With more than a decade of makeup and manicure experience, Jill had gone as far as she was likely able to as an employee, but as an owner she recognized that the sky was the limit, providing she could find and appoint the right place to showcase her skills and the right staff to fulfill her vision.
She said both endeavors took a significant amount of courage and effort but in the end, she said it was worth it
“It think it’s important for my daughters to see it’s possible to be an independent woman,” Ferger said. “You keep going if you have the passion and the drive.”
The place she found — in the Trader Lee’s Shopping Center — presented a real challenge from the first. A former salon, the space had fallen into neglect after years of vacancy but this is where the economy worked to her advantage.
The space was affordable, provided she was willing to contribute hard work and creativity toward converting it into a showplace, which is literally what she did. The new shop is nearly unrecognizable when compared with the old.
All the floors and walls have been redone and the furniture and accents work together to make the place striking without making it uninviting. The waiting room’s antique settee and chairs make an interesting counterpoint to the ultra modern stylist’s chairs where the work gets done.
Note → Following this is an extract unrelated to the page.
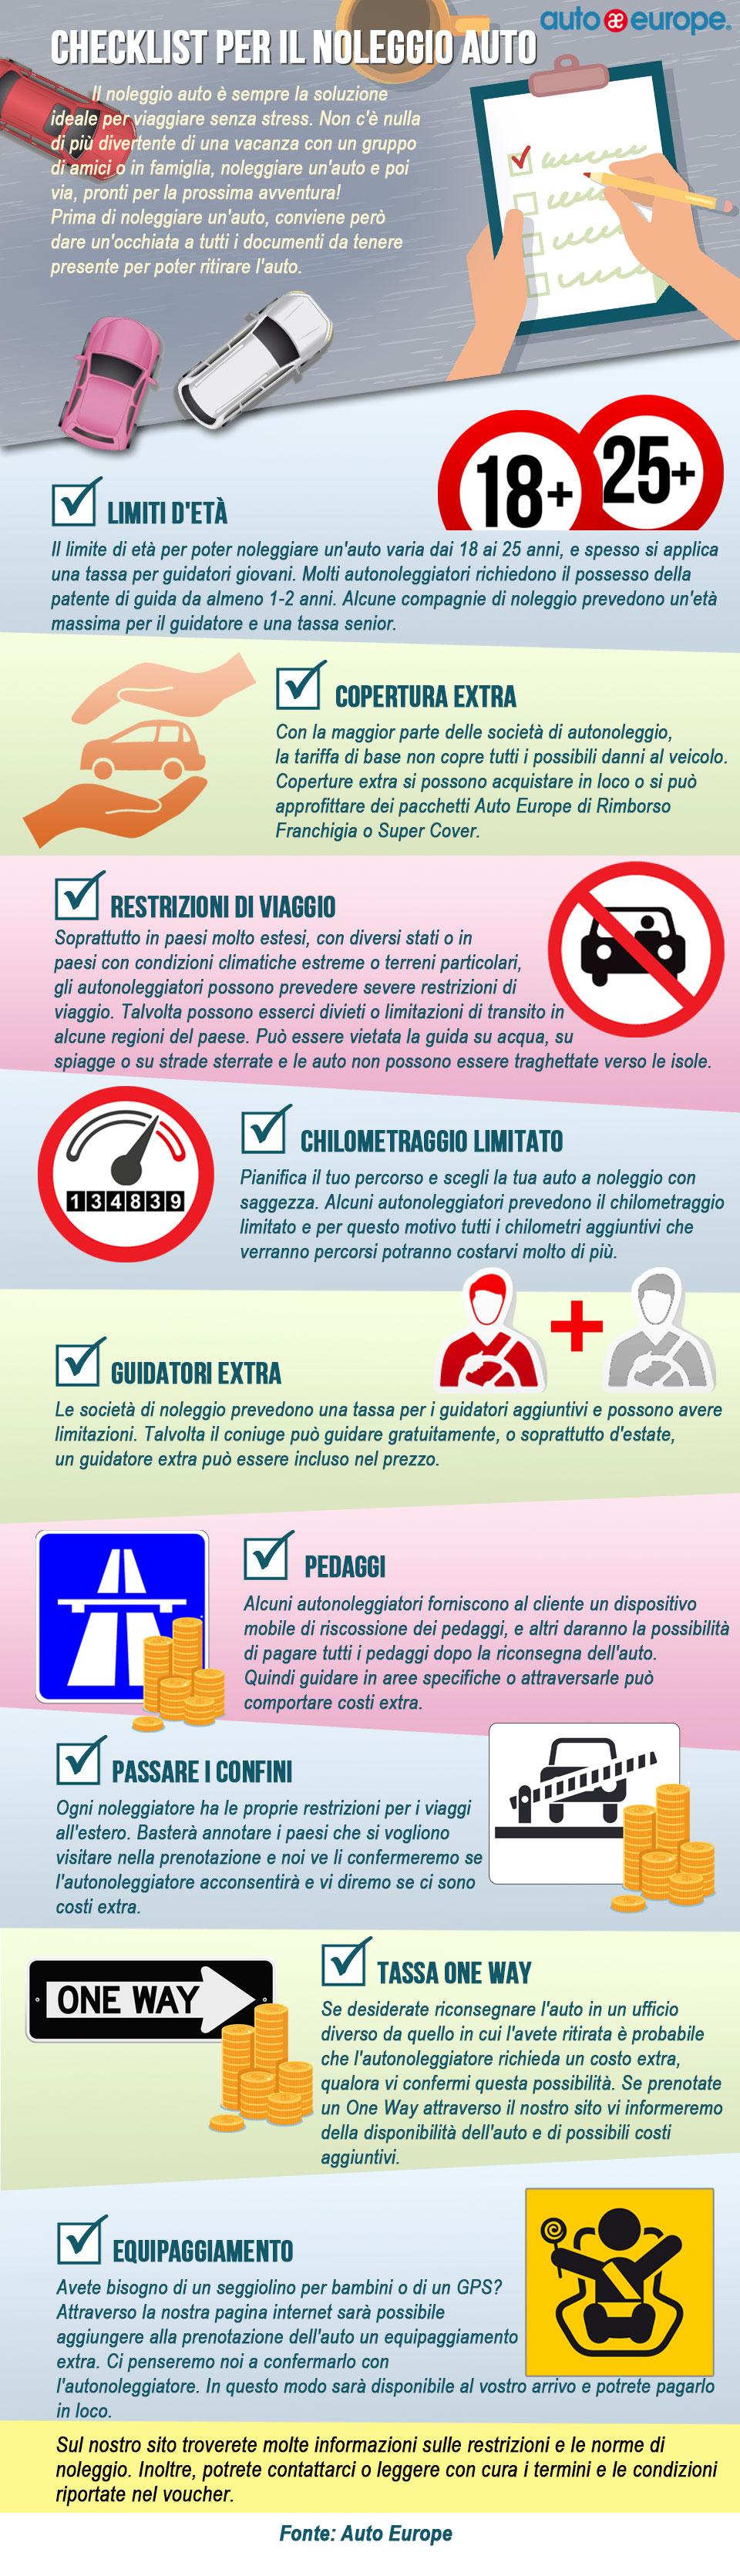 Infografica - Check list per il noleggio auto

This week, Charlene Race came on board as the primary full-time stylist. It was a bit of a coup to have such a popular and well-respected professional sign on to the startup but having worked together before, she and Ferger knew it would be a good match.
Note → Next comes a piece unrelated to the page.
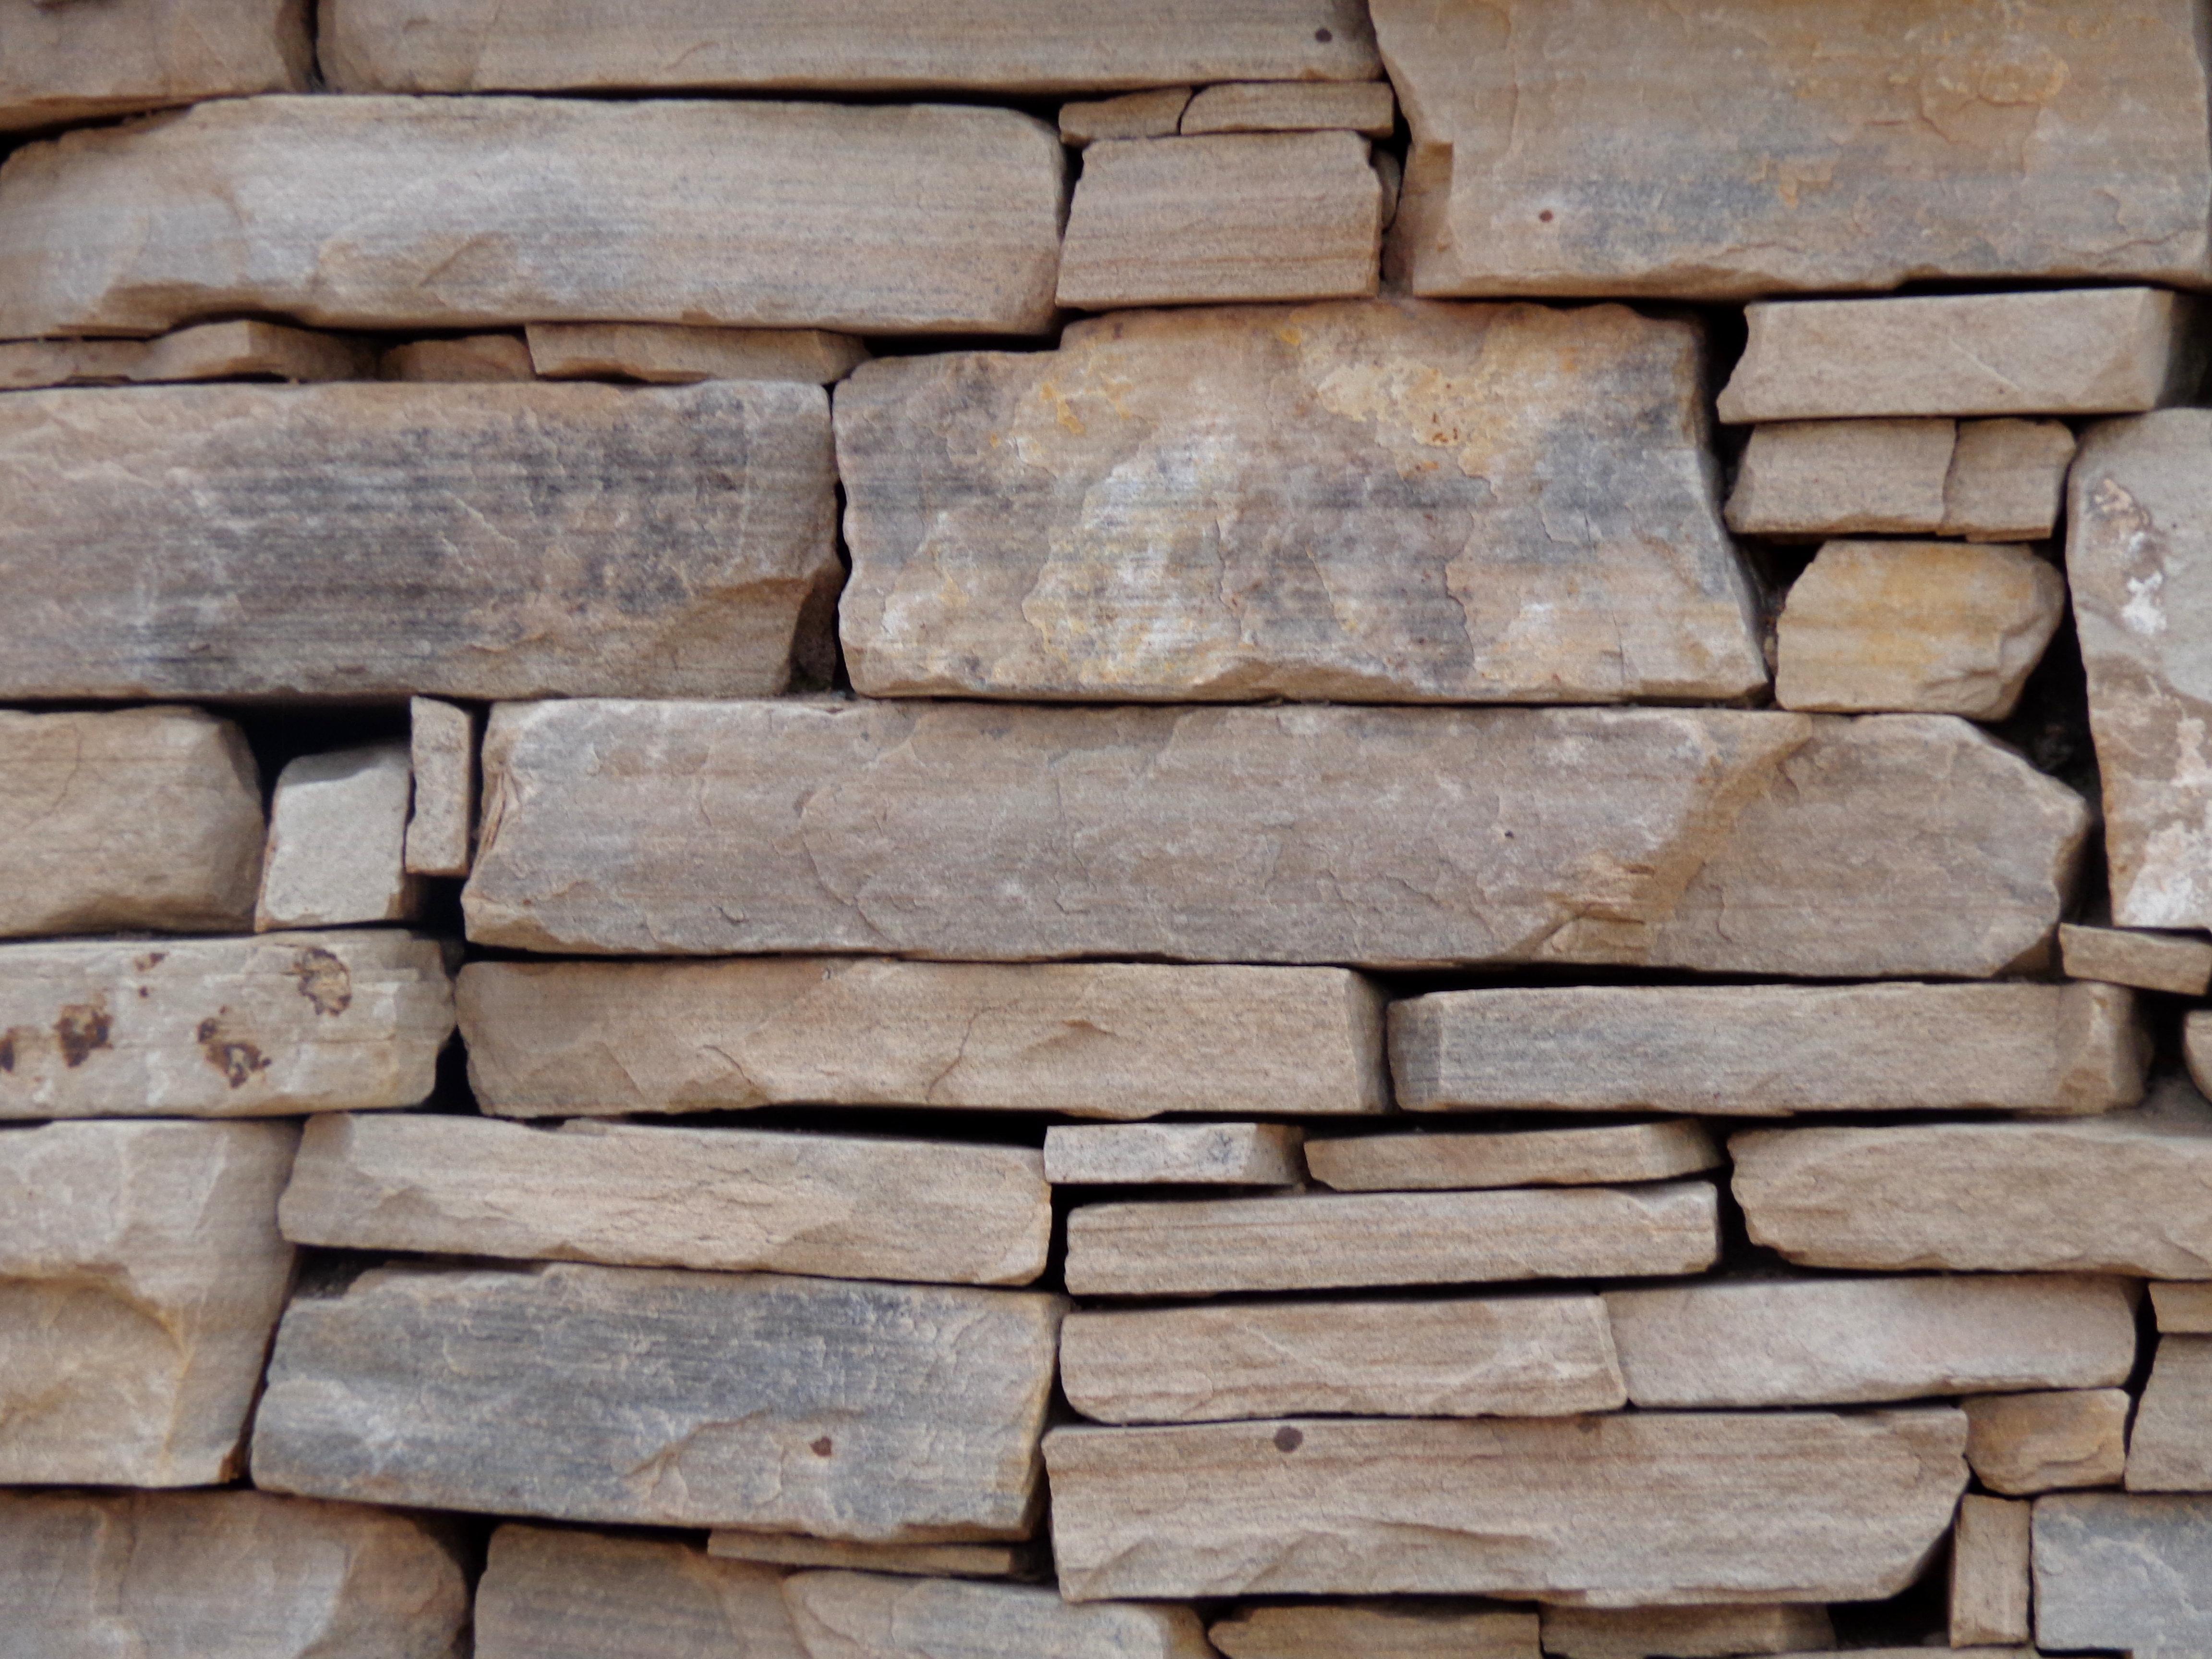 4608x3456 Brick Walls Pictures Free Photographs Photos Public Domain

Another good match, right from the start, was adding Little Chico as resident artist for the accompanying gallery. The two did all of the construction work together, calling on friends as well, and as an up-and-coming artist, using some of the space to promote the arts was an easy decision for Little Chico.
“We wanted it to be an artsy salon,” Ferger said. “Beauty and art, I think, go hand in hand.”
The gallery in the Six Eleven Salon and Gallery joins nearby Punk Rock Fish as an alternative use of retail space to promote art. Ferger and Little Chico are friends with Punk Rock Fish owner Matt Dove and envision a future where more of the empty retail space in on Route 611 begins to allow for the expansion of the West Ocean City arts scene.
In order to begin to foster this transformation, Ferger said the Six Eleven Salon and Gallery will hold regular shows, inviting local artists to be featured. The grand opening show last month featured photographer Trevor Dunt. Their next art opening, slated for 8-11 p.m. Saturday, Nov. 19 will feature photographer Nick Denny.
By continuing to promote both the salon and the art it sponsors, Ferger is well positioned to be a significant part of a West Ocean City entrepreneurial growth. Her hope is to build both sides of the business slowly, relying on appealing to patrons’ finer tastes and higher expectations.